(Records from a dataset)
* * * * *
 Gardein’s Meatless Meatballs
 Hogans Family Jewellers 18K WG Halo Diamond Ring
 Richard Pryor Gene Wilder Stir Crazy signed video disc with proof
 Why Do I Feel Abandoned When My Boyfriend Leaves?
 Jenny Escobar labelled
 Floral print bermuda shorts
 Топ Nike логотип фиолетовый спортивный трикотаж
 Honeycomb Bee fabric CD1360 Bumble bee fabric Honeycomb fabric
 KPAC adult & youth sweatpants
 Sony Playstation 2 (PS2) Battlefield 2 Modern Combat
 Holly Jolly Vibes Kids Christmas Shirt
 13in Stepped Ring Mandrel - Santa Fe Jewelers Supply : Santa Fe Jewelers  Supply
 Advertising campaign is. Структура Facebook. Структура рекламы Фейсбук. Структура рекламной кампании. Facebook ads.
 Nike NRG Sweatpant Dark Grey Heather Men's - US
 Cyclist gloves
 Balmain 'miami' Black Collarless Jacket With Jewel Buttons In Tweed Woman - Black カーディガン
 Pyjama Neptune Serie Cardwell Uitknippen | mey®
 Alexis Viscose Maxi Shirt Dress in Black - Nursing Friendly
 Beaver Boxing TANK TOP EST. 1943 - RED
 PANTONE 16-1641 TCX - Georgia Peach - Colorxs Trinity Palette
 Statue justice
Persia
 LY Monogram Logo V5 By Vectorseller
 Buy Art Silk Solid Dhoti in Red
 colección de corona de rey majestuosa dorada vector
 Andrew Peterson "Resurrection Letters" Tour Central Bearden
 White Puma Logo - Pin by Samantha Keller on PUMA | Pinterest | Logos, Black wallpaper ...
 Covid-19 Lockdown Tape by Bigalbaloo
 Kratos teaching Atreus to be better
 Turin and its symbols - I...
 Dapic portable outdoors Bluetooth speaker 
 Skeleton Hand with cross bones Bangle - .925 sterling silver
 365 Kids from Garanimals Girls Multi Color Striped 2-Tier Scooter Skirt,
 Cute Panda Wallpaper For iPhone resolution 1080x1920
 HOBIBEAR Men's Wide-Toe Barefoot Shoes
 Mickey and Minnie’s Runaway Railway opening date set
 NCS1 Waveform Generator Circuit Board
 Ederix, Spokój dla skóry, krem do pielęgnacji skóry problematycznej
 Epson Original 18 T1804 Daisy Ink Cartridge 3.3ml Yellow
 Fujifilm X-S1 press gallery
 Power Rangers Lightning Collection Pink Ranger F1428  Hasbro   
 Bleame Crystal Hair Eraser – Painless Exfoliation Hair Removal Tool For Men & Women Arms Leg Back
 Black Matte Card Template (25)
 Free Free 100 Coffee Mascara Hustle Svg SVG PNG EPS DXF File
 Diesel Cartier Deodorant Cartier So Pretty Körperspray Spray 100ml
* * * * *
Assignment
Write out the lines of the records exactly, starting at the one holding "Epson Original 18" and ending with the last line, and include no others.

Exercise response
 Epson Original 18 T1804 Daisy Ink Cartridge 3.3ml Yellow
 Fujifilm X-S1 press gallery
 Power Rangers Lightning Collection Pink Ranger F1428  Hasbro   
 Bleame Crystal Hair Eraser – Painless Exfoliation Hair Removal Tool For Men & Women Arms Leg Back
 Black Matte Card Template (25)
 Free Free 100 Coffee Mascara Hustle Svg SVG PNG EPS DXF File
 Diesel Cartier Deodorant Cartier So Pretty Körperspray Spray 100ml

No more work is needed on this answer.